What writing strategies have they used to engage you as the reader?
- Gardiner, in telling us this murder case is the reason for an investigation of the NYPD for racial bias, immediately puts the reader in an evaluative role. Each incident told as the story unfolds is looked at to see if there is evidence for racial bias in how the case was managed. This active role of the reader is the hook that maintains engagement throughout the recounting of events.
- Weingarten seems to unfurl his story in a tantalisingly deliberately slow manner. First he gives little away while introducing the parameters of this experiment and its purpose. Then he enhances the suspense he’s building by having an expert make predictions. Once we’re finally told who the musician will be, we are skipping ahead to find out how it comes out we’re so keen to hear this story. His writing changes pace, incorporates short dialogues, a poem, all caps on some topic sentences which shout their words at you. He talks to the reader sometimes, but not always.

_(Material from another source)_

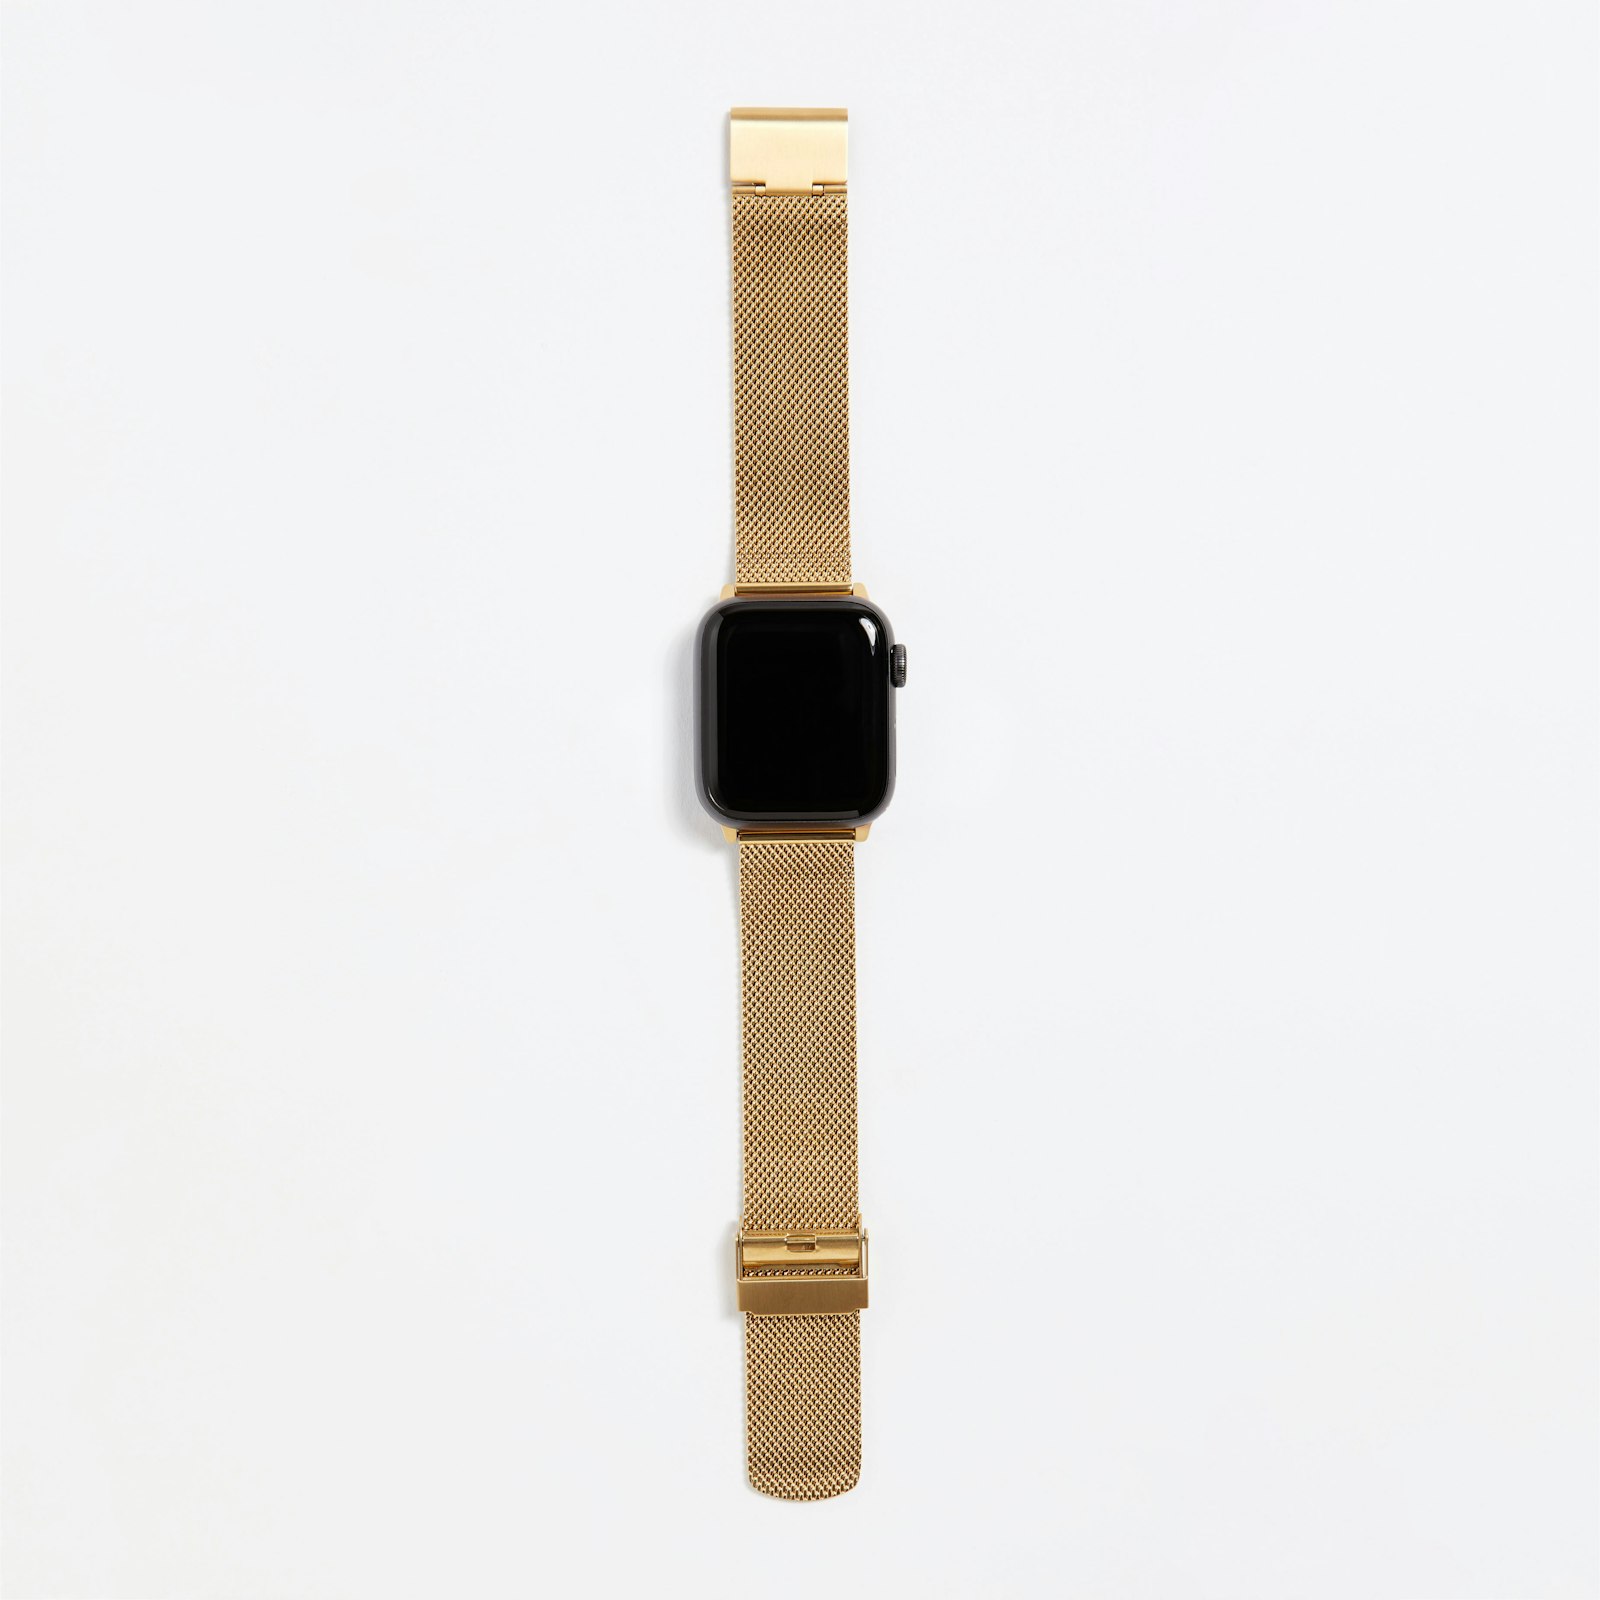 Apple_WatchBand_StainlessSteel_Mesh_Gold_Large_1x1_FRONTWITHWATCH_0241.jpg

- Griffiths uses the juxtaposition of Judge Stretton’s report from 1939, and the details of 2009. He offers expert information about what he feels is misunderstood. Mainly that Australians think they can dominate the bush, and that it’s all one mystery wood to be responded to homogeneously around the country.
Did they work?
- In Gardiner’s case – yes – it certainly did work. I couldn’t believe how callous and unresponsive the police were to Elle Carmichael, continually. The sense of injustice to her and her daughter was sustained, but not harped upon. The treatment was such that the story wasn’t sensationalised.
- How long was this article by Weinstein? Yet he still managed to keep me curious about the details of the event and how to explain this puzzle.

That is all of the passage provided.